Remember, one can always (or almost always) do things in one 
information technology that were created in another, but sometimes 
something that takes a few seconds in the digital realm can take hours 
to replicate. Think, for example, of hand-retouched or airbrushed 
photos and Photoshop! Or looking up a word in a print version of the 
OED, which can take (a) the time to walk to the library and find the 
volume you need, (2) the 1-2 minutes to look up the item, (3) the time 
needed to write down definitions and historical examples. Compare that 
to the online version that returns a response in a second or two and 
permits copying into one's notes instantly! Years ago I heard a talk by 
a someone preparing linguistic databases for an experiment in teaching 
a modern language the way it is actually spoken. In passing he 
remarked, that looking up a word in a foreign dictionary took about 90 
seconds on average and using a computer database returned a response in 
a second and  a half, the result of the difference being that readers 
try not to have to use the print dictionary — looking up ten words 
takes 15 minutes — but the quick response time of the digital version 
creates a vastly different relationship to the text: people use it 
frequently to check that they have the exact definition or use it 
almost like flashcards as a learning tool, Conclusion: while the words 
in each version of the dictionary are the same, the different way of 
experiencing them changes the reader's use and experience of the text.

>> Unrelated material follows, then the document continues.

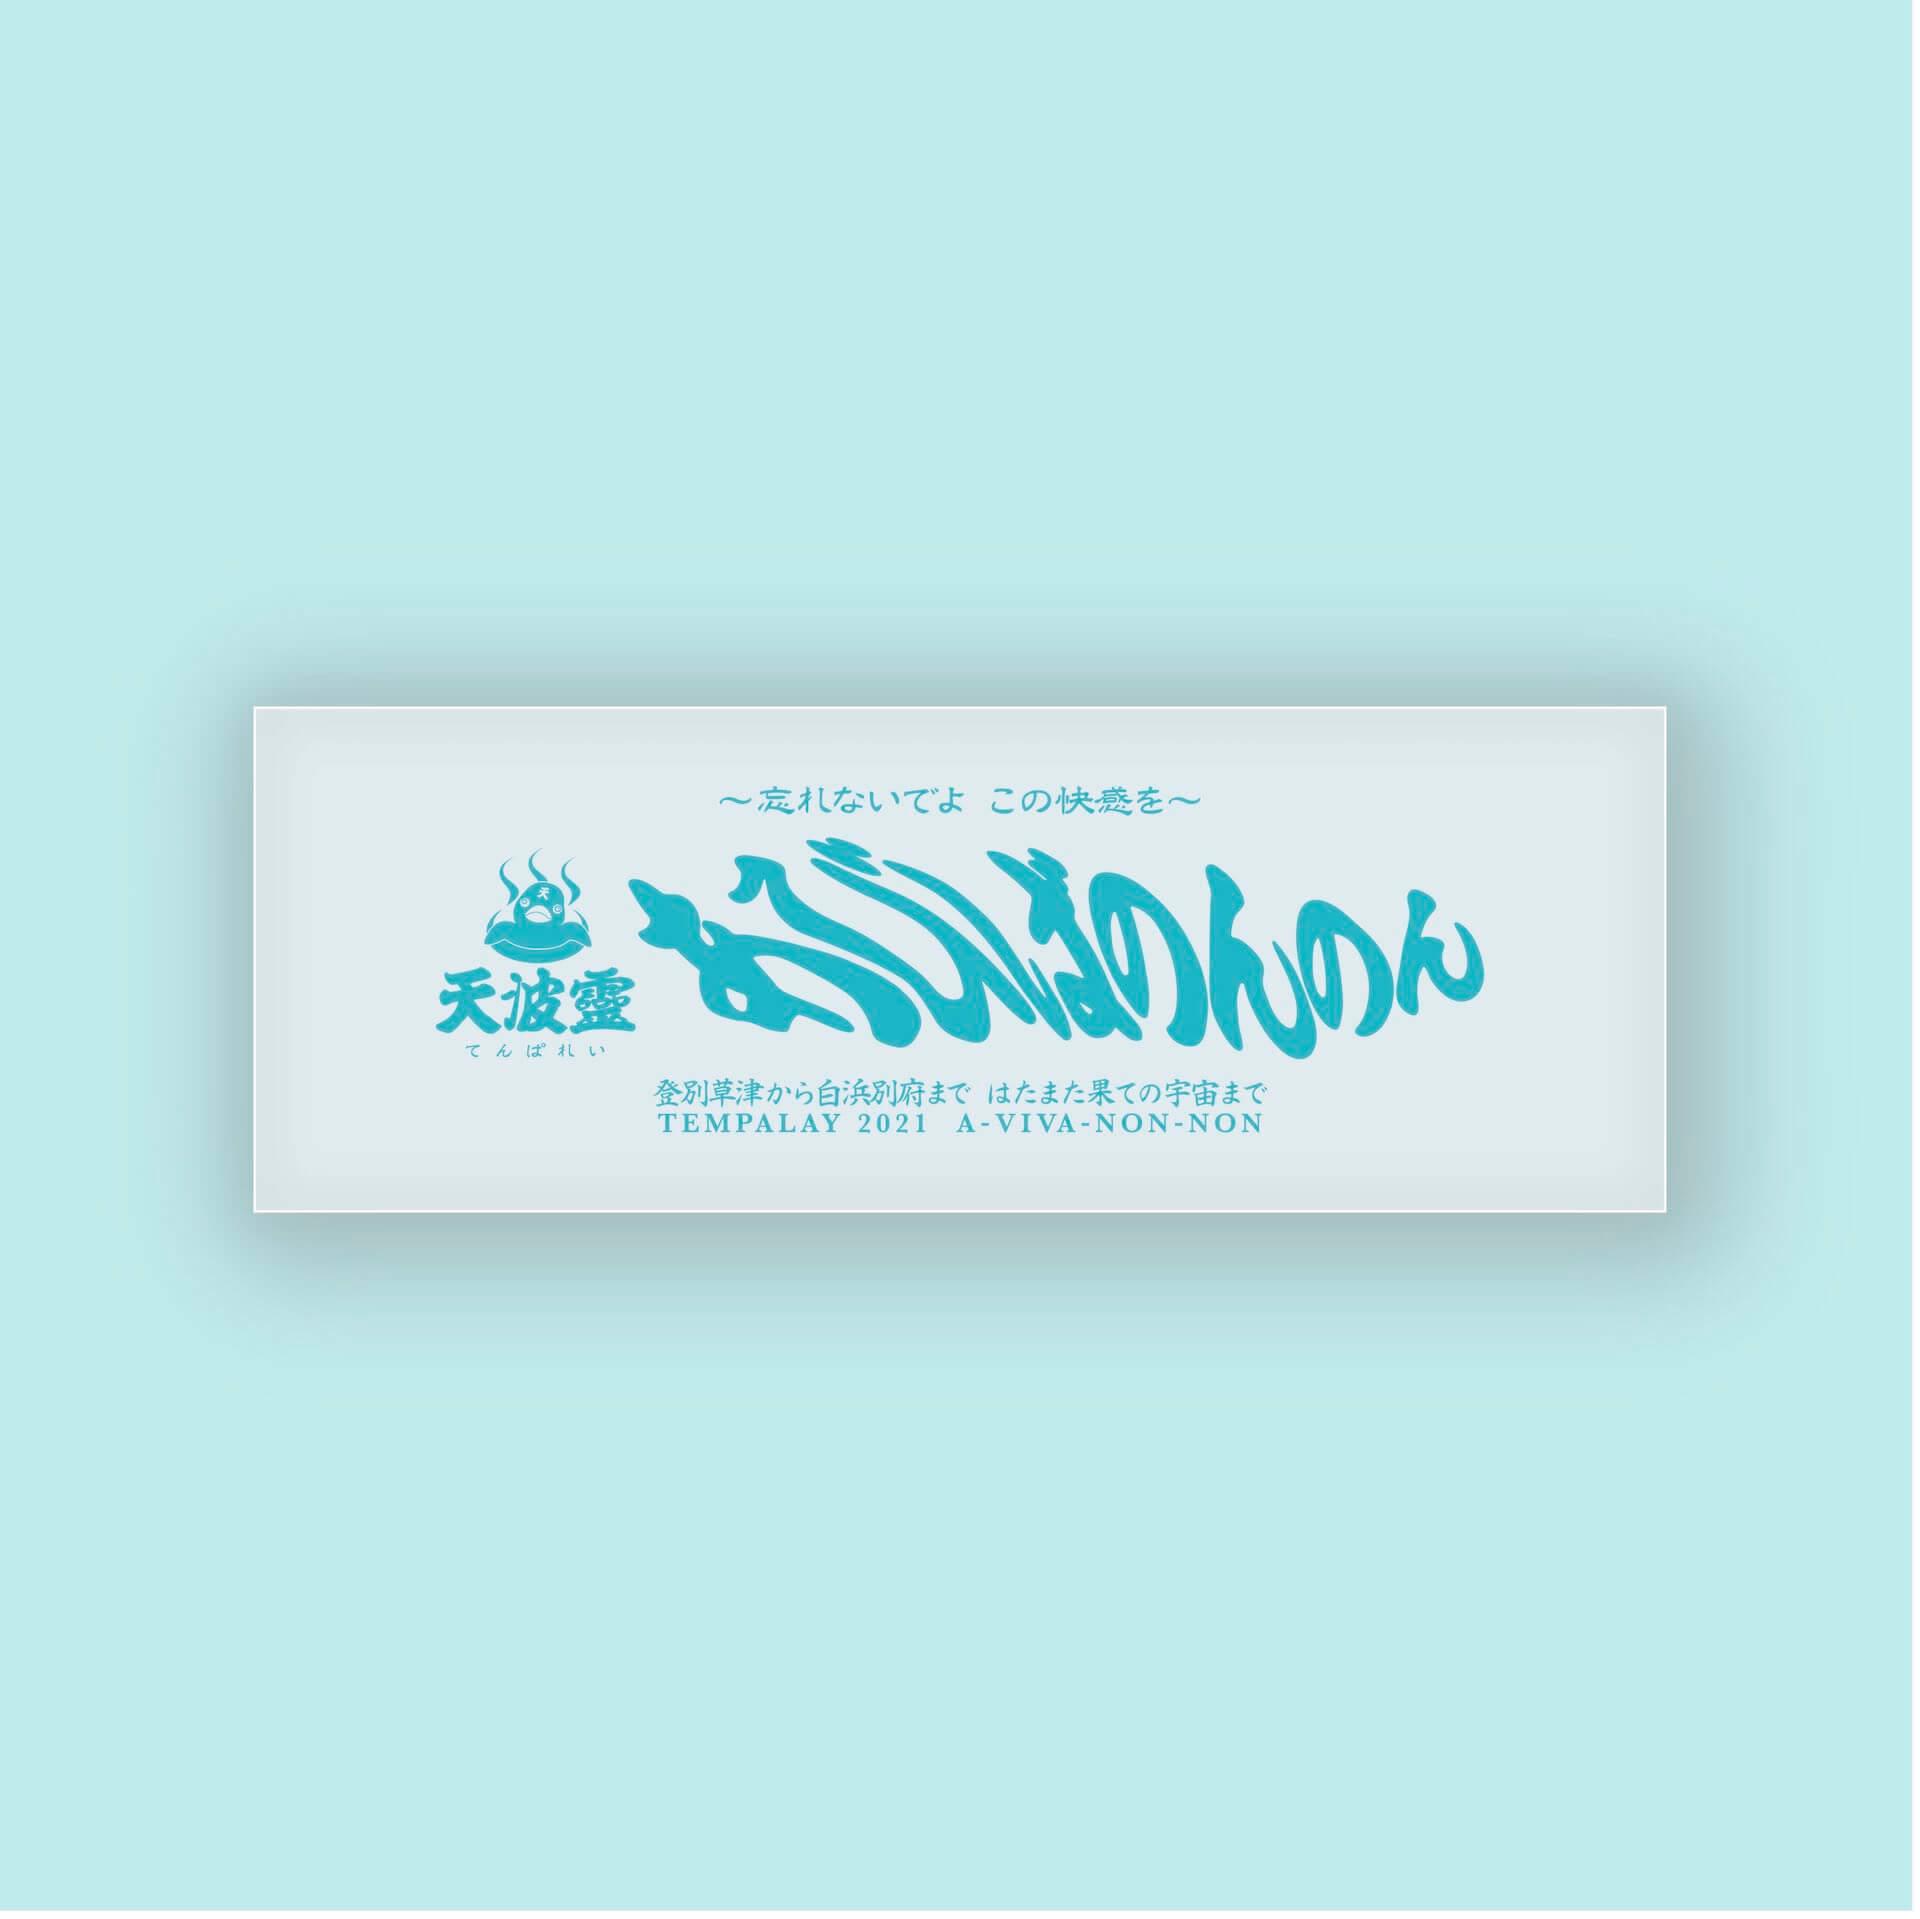 Tempalayのニューシングル『あびばのんのん』が発売決定!『サ道2021』エンディングテーマとして話題 music210716_tempalay_cd_3

As a corollary: one of the most discouraging things about many well 
known media theorists who come from the humanities is that they 
theorize extensively about things like, say, moving text or hypertext, 
but themselves have experienced very few examples (and thus their 
theorizing is very skewed) and have never actually created any 
themselves. I can think of several very well known books on hypertext, 
for example, that reveal upon examination, that the authors have almost 
no experience with it.

Gunnar Liestol and Andrew Morrison, both  of the U Oslo, have urged 
that hypertext and digital media give humanists, for the first time, a 
laboratory or test bed by which humanists can actually prove or 
disprove their theories. The problem is that most critical theorists, 
unlike people in the sciences, are not used to the idea that one 
actually has to test one's theories before publishing them, so now that 
we have a chance to do so, they still put out what, in the sciences, 
would be a research proposal as a finished project. Hmm.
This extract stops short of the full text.